Set interval $I = (a, b)$
Calculate
- If $f(\frac{I}{2})$ is sufficiently small, stop
- Else if $f(\frac{I}{2}) > 0$ , then set $b := \frac{I}{2} = \frac{a+b}{2}$
- Else, set $a := \frac{I}{2} = \frac{a+b}{2}$
Goto 1

As always, definitions are best understood with examples, so we’ll give a few examples.

Example 1: Approximating square root

We will start by approximating the value of $\sqrt{5}$ . The function we want to find zero for is then $f(x) = x^2 - 5$ , since $f(\sqrt{5}) = 0$ . We have that $f(2) < 0 < f(4)$ , thus our interval is $I = (2, 4)$ .

Let's apply the algorithm a few times now:

a	b	$f(\frac{a+b}{2})$
2	4	$f(3) = 4 > 0$
2	3	$f(2.5) = 1.25 > 0$
2	2.5	$f(2.25) = 0.0625 > 0$
2	2.25	$f(2.125) = -0.48... < 0$
2.125	2.25	$f(2.1875) = -0.21... < 0$
2.1875	2.25	$f(2.21875) = -0.07... < 0$

So, 2.21875 is a close approximation of $\sqrt{5} = 2.236...$ . We can make it even closer by applying the algorithm a couple of more times.

Example 2: Finding a bad commit in a sequence of commits

As a second example, let’s imagine a function that will represent a bunch of Git commits, where one of the commits are bad. Let’s pick such a function at random, maybe $f(x) = -x^3 + 105x^2 - 3675x + 42875$ . We will also agree that the function returns a value greater than 0 if the software is functioning at that point of commit, and a value less than or equal to 0 otherwise.

How will you find the bad commit? Brute-force or linear search is one way, but it may not be as efficient as bisecting. You can graph the function and look at its zeroes, but that’s a bit cheating, and usually impossible to do in practice with git-bisect since we cannot cover all predicates $P$ (in which case $P$ here is “software is functioning”), and thus cannot construct a graph of all such functions w.r.t commits. Since we’re cool, we’ll use the bisection method.

Let’s start at random, knowing at least one good and one bad commit. Maybe picking the interval $(10, 50)$ is a good start. We have that $f(50) < 0 < f(10)$ .

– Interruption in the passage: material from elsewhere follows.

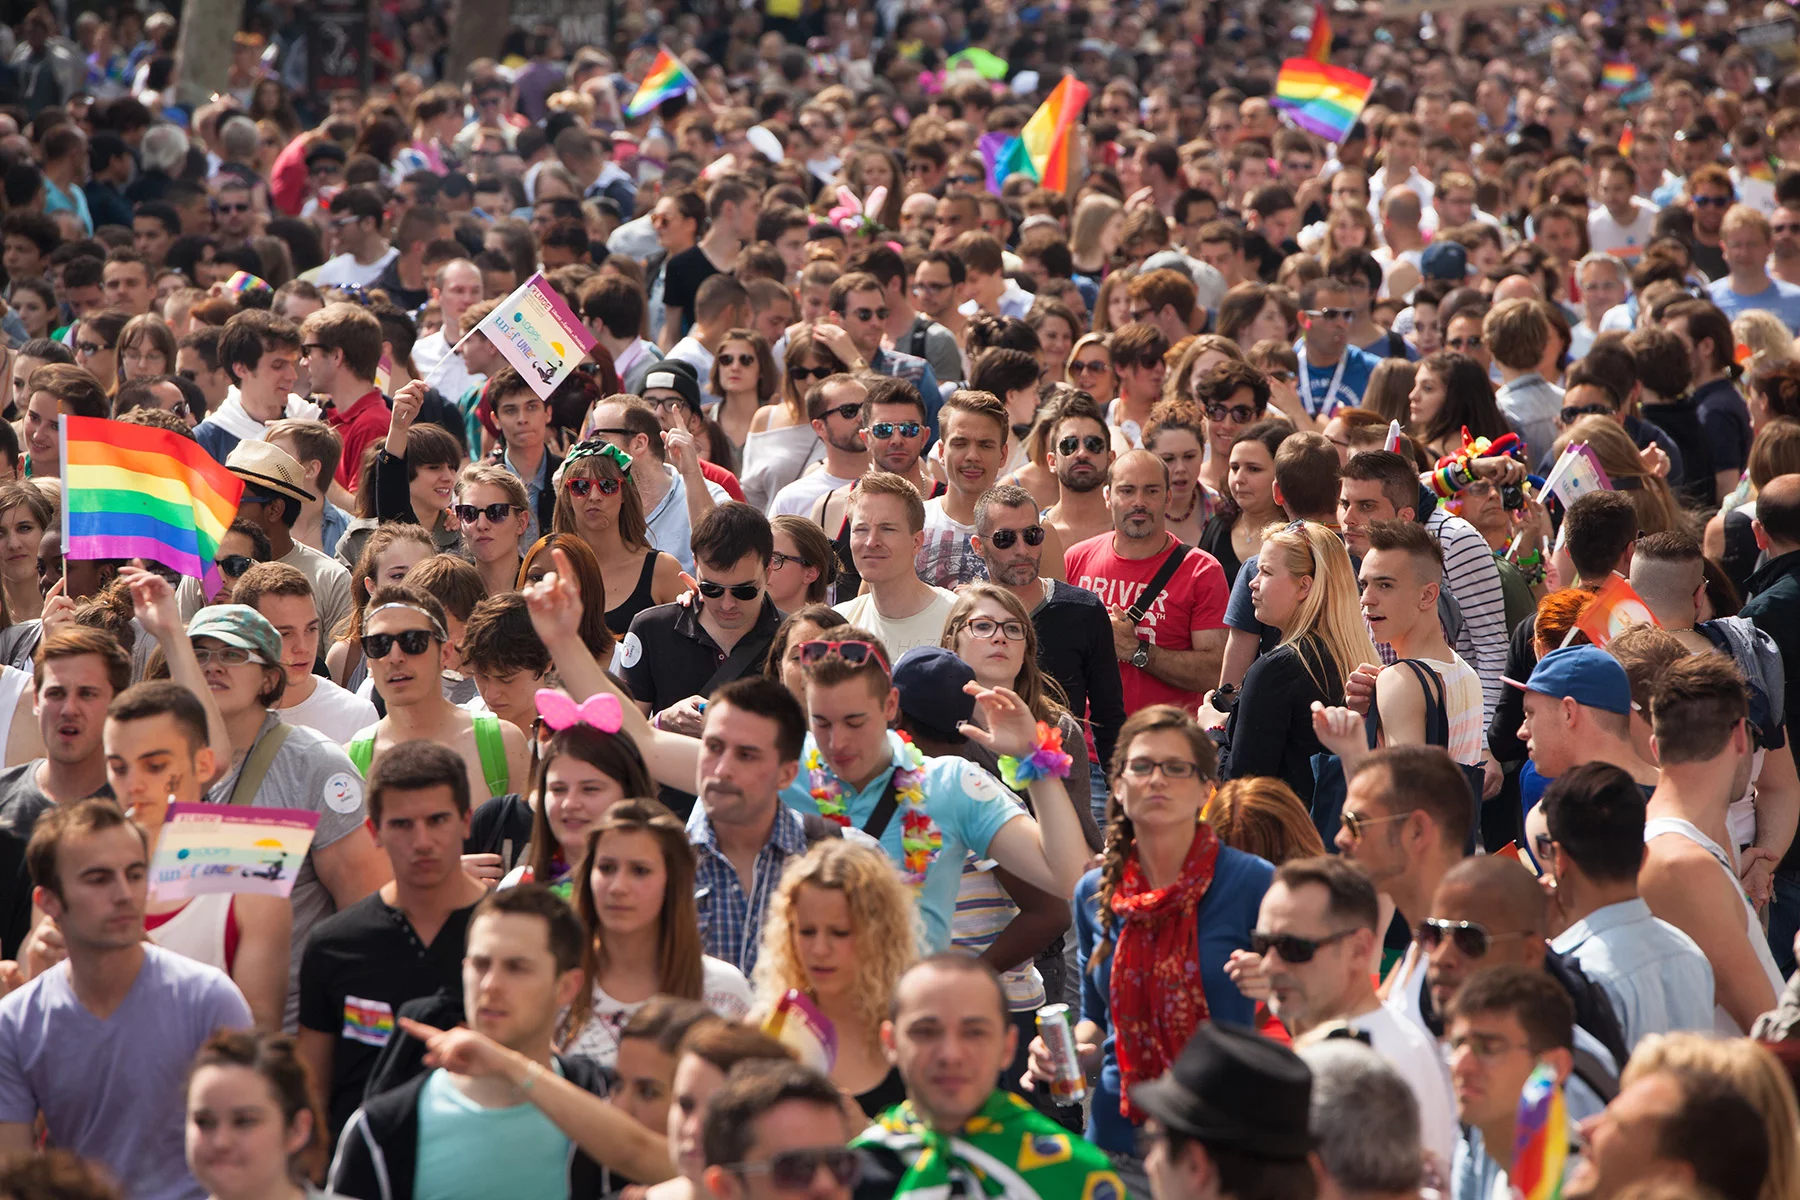 The crowd at the 2013 Paris Pride Parade

Our task is to find which commit caused the software to break. Let's apply the same algorithm.

a	b	$f(\frac{a+b}{2})$
50	10	$f(30) = 125 > 0$
50	30	$f(40) = -125 < 0$
40	30	$f(35) = 0$

So, in just 3 steps we found that the bad commit was 35.

Git-bisect

git-bisect is a very useful command. Given a sequence of commits, it allows you to find a commit that satisfies some property.

The way bisect works is that it will find zeroes of the function $f(x, y) = \text{commit} \ x \ \text{satisfies} \ P(y)$ . So, given an interval of commits $(c_1, c_2, \ldots, c_n)$ , the function will return $c_k$ such that $P(y)$ holds for it.

The fastest way to do that is to use bisection, which we explained earlier. Git uses good and bad for bisecting left and right.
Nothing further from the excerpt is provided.